Representing local  accumulations of minor defects in ductile cast iron by an appropriate material model

M. Suty, H.-C. Schneider and O. Kraft

Karlsruhe Institute of Technology, Institute for Materials Research,

P.O. Box 3640, D-76021 Karlsruhe, Germany

 

Mechanical components in nuclear engineering are subject to strong safety requirements. Especially thick-walled castings require appropriate mechanical testing and Finite Element calculations. A crucial point is the consideration of minor defects. Those are difficult to avoid consistently but do not necessarily affect the structural integrity of castings. By now, local accumulations of such defects are conservatively enveloped and replaced by one large defect with a well known geometry.

 

In general, material parameters are obtained by testing tensile and impact specimens taken out of the cast.
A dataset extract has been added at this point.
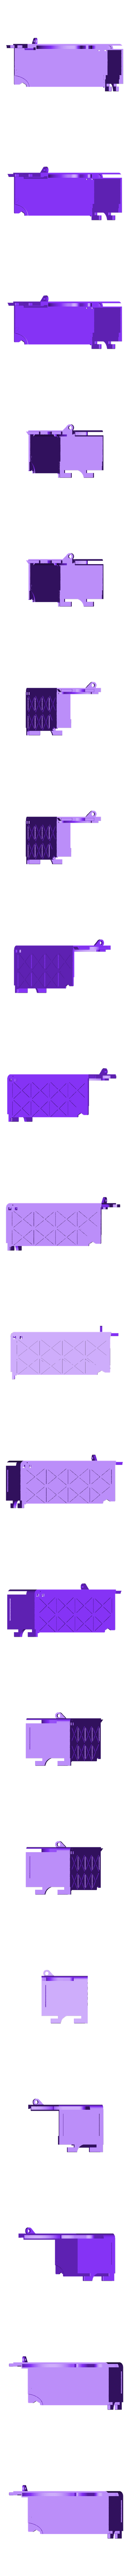 Cont liv 1 n2.stl Download STL file Multiple container ( closed 180x370mm) construction Contenitore multipla trasportabile Multibox • 3D printable design, mikifly10
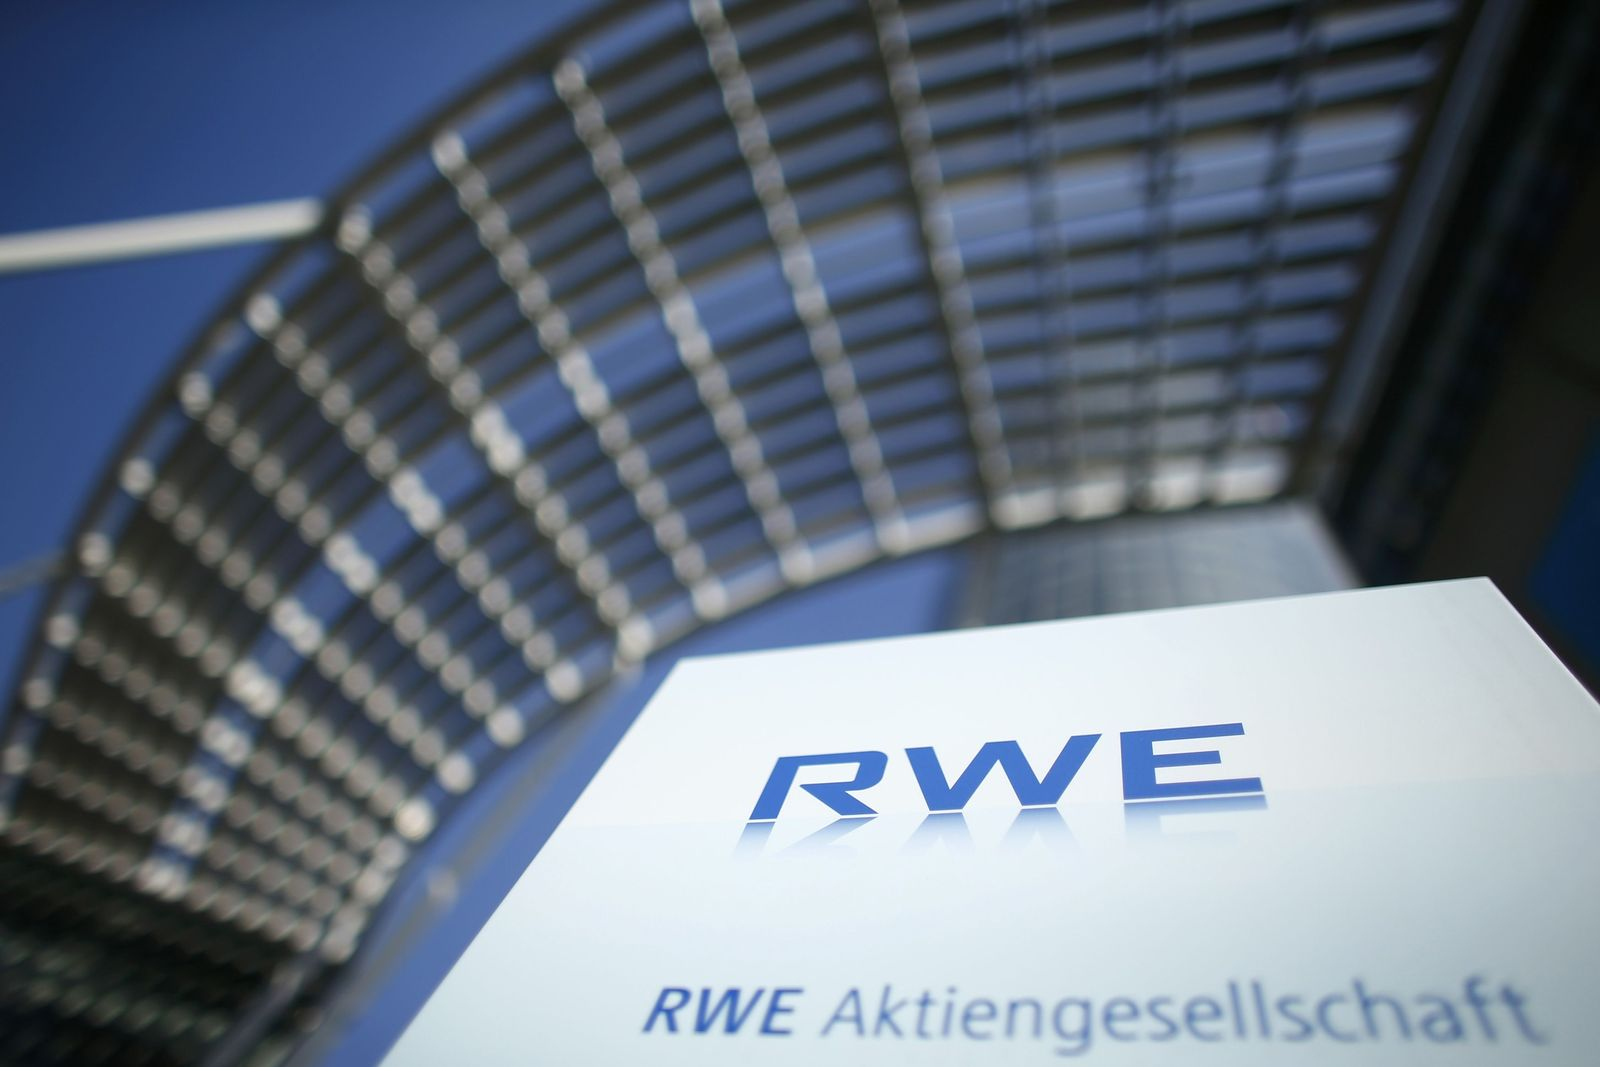 Symbolbild SEO / RWE / Top 10 der Kapitalvernichter

The challenge is to extract a set of significant test specimens according to the licensing and testing standards without unduly weakening the casted component.

 

In this work, an alternative approach is described for considering cast defects such as voids in ductile cast iron or porous plastic metals. A material model successfully used to homogenize porous structures is adapted to the mechanical behaviour of the affected area which is included in calculations.

 

In order to validate the model spherical defects are represented in two dimensions by drilled holes (1.2 mm) in flat bar tension specimens, with sufficient sample dimensions to avoid boundary effects (60x100x4 mm³). Finite Element calculations furnish stress distributions in the experiments.  The micromechanical Gurson-Tvergaard-Needleman model is applied to represent the behaviour of the cast iron with the holes. This approach still gives a conservative description of the influence of small voids or other defects on the safety of large casting components for defect dimensions up to 100 times the size of the graphite spheres.

 

First results of tensile tests will be presented. The drilled holes reduce the tensile strength by 5 % from 380 MPa to 360 MPa considering a net cross-sectional reduction of 6 %. The implications of these findings are discussed in the context of the described model.